:: Problem to solve ::
Include the line containing "Landscape Painting James" and all lines before it, repeated exactly from the listing below, without pictures.

:: Collected data ::
···

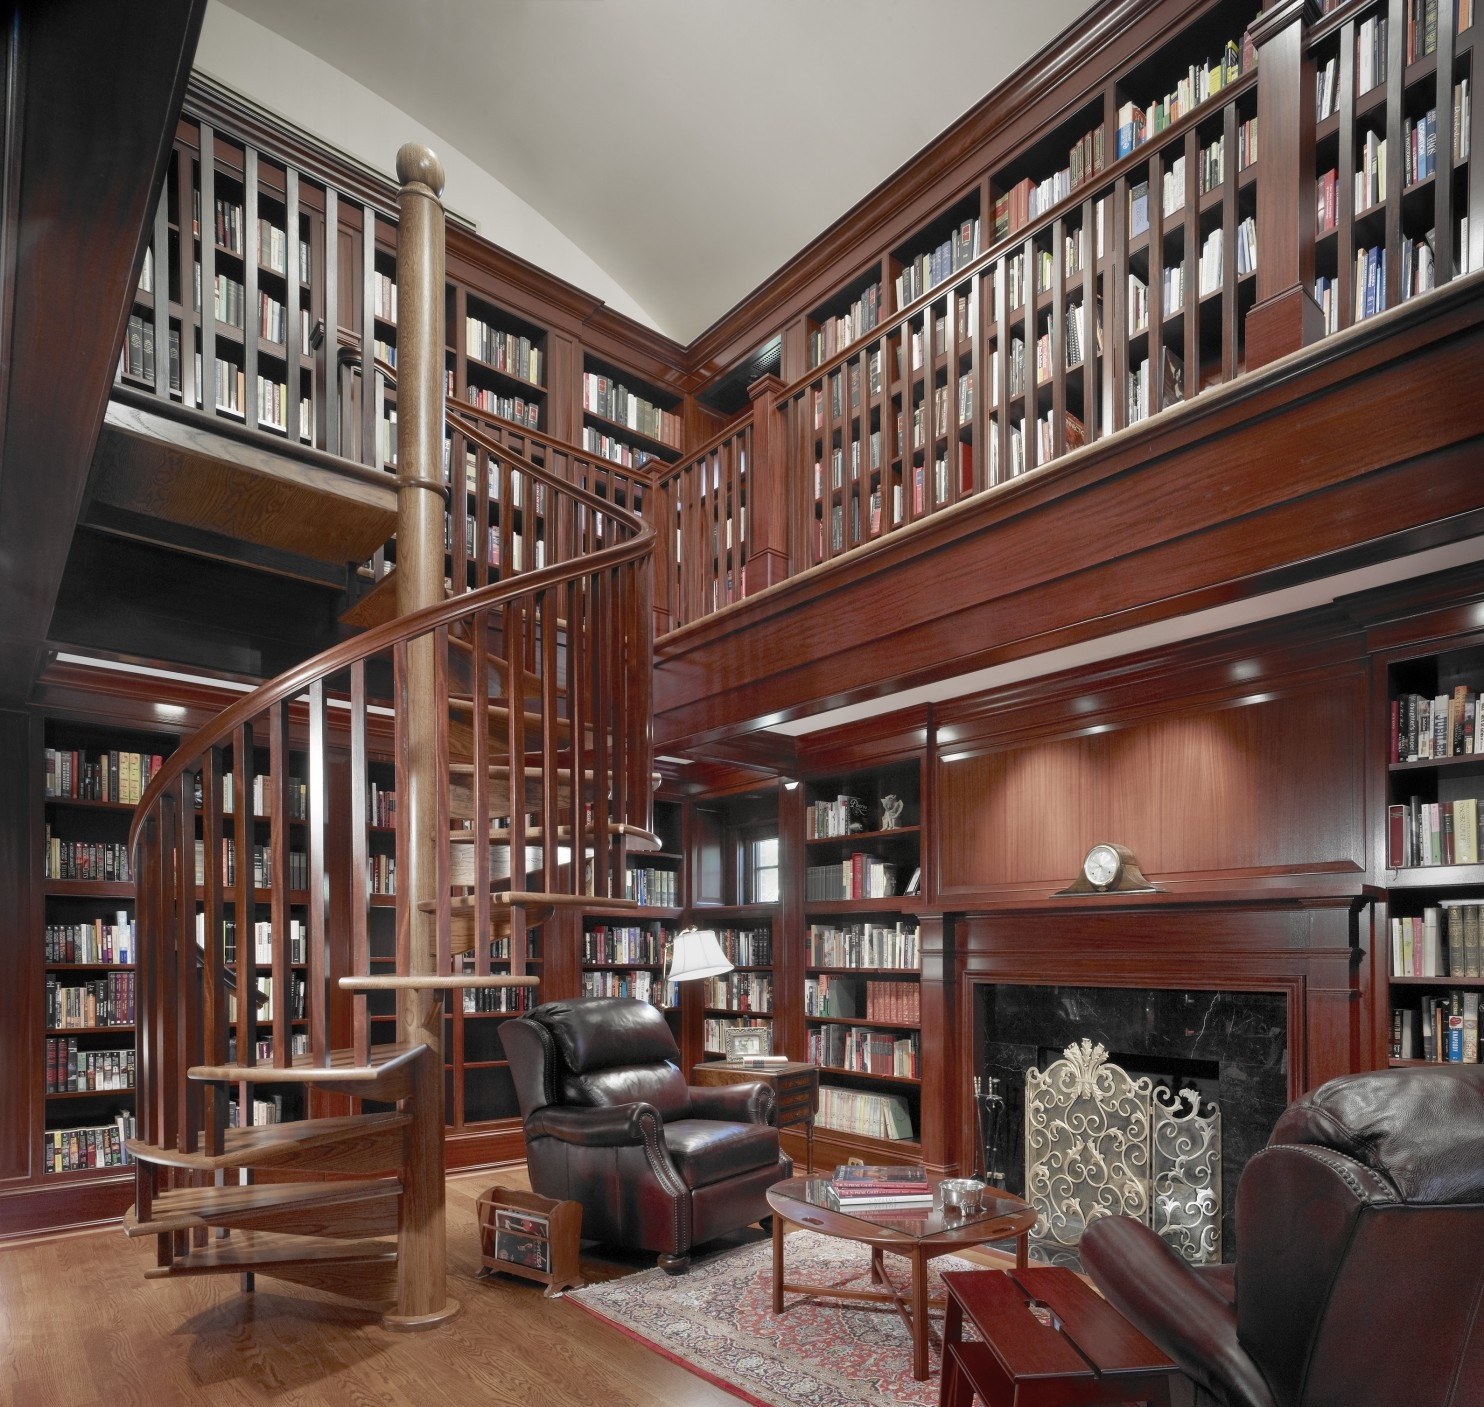 Attachment library. Библиотека в доме. Интерьер библиотеки. Библиотека с высокими потолками. Домашняя библиотека интерьер.
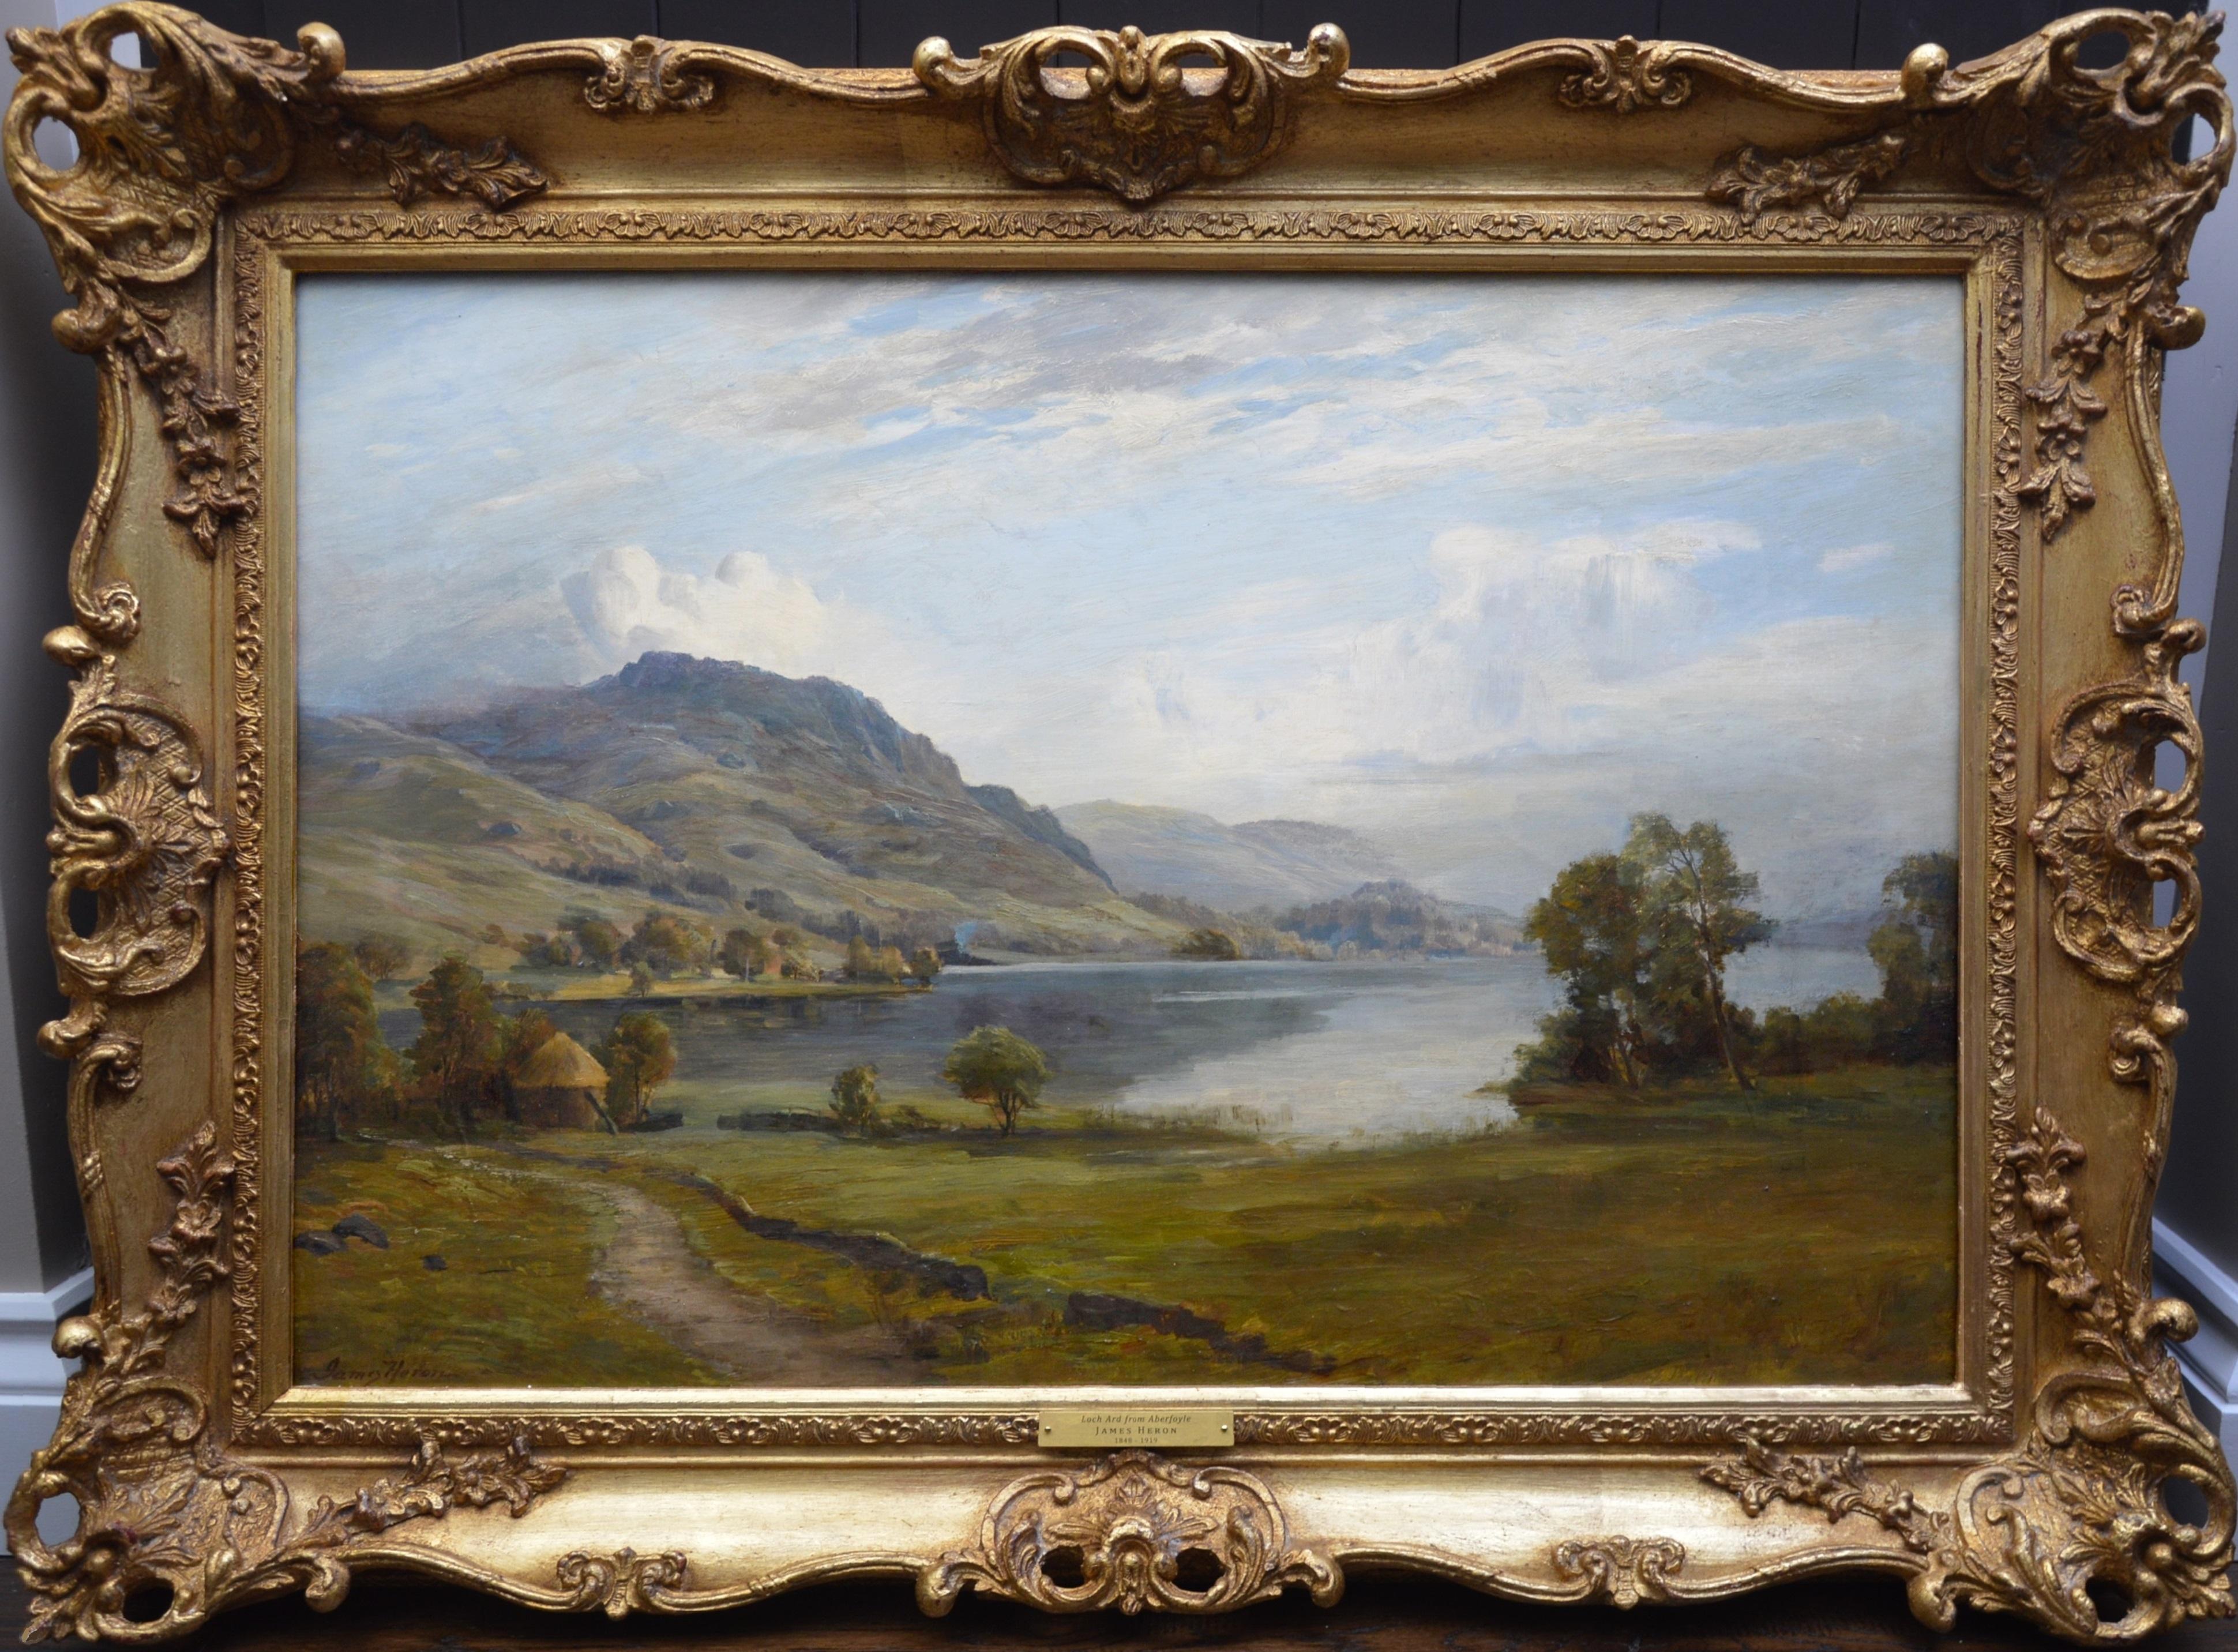 Landscape Painting James Heron - Loch Ard from Aberfoyle - Paysage écossais du 19ème siècle - Peinture à l'huile
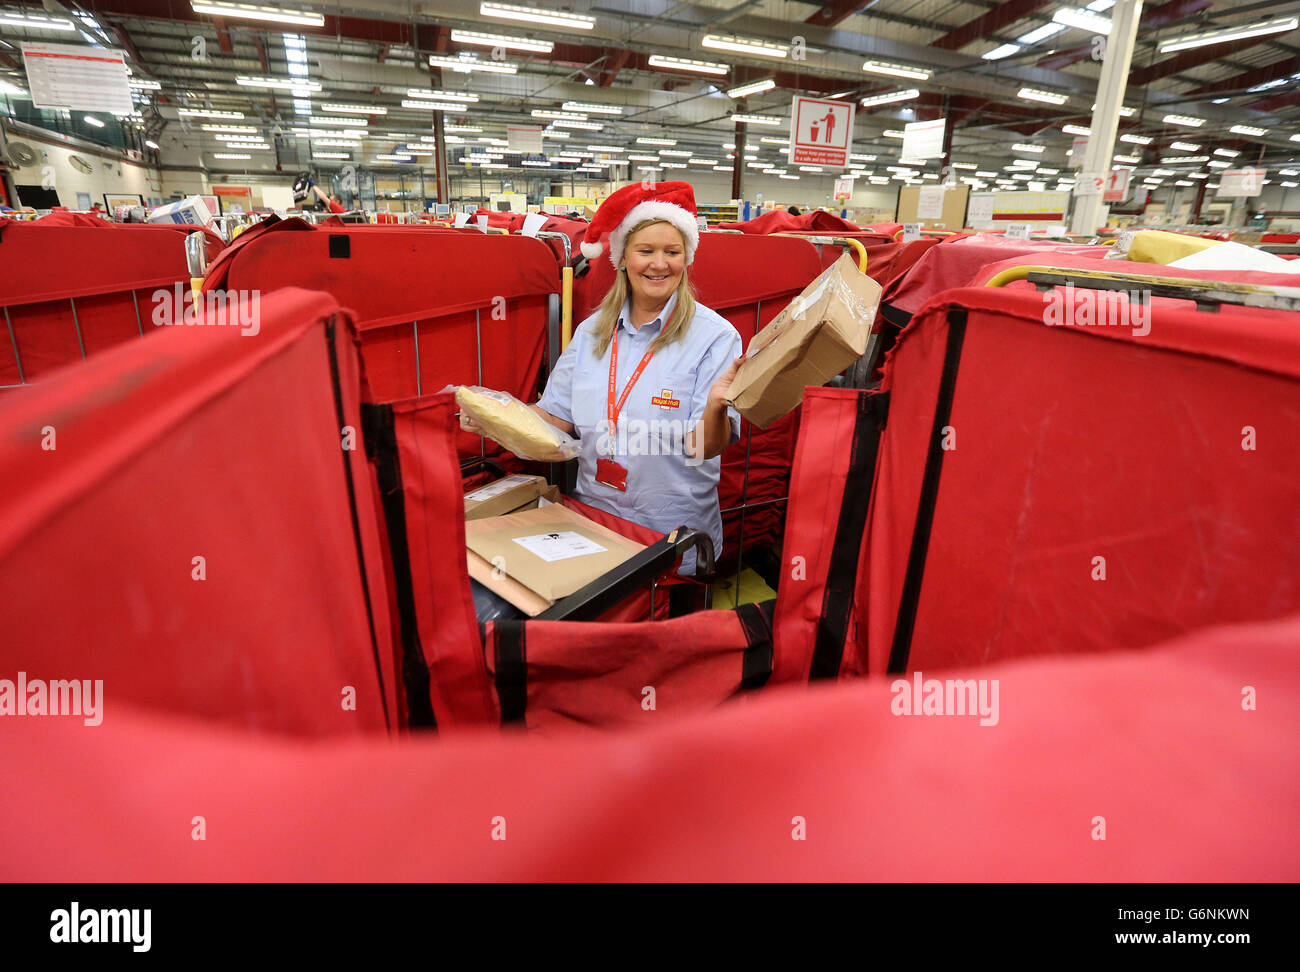 Royal Mail-Mitarbeiter June Gilliam, mit Weihnachtspost im Glasgow Mail Center, während des geschäftigsten Tages von Royal Mail im Jahr, an dem die Mitarbeiter erwarten, bis zu 2.8 Millionen Poststücke zu bearbeiten, während sie arbeiten, um sicherzustellen, dass die Post rechtzeitig für Dezember 25 ankommt. Stockfoto

···

:: Response area ::
 Attachment library. Библиотека в доме. Интерьер библиотеки. Библиотека с высокими потолками. Домашняя библиотека интерьер.
 Landscape Painting James Heron - Loch Ard from Aberfoyle - Paysage écossais du 19ème siècle - Peinture à l'huile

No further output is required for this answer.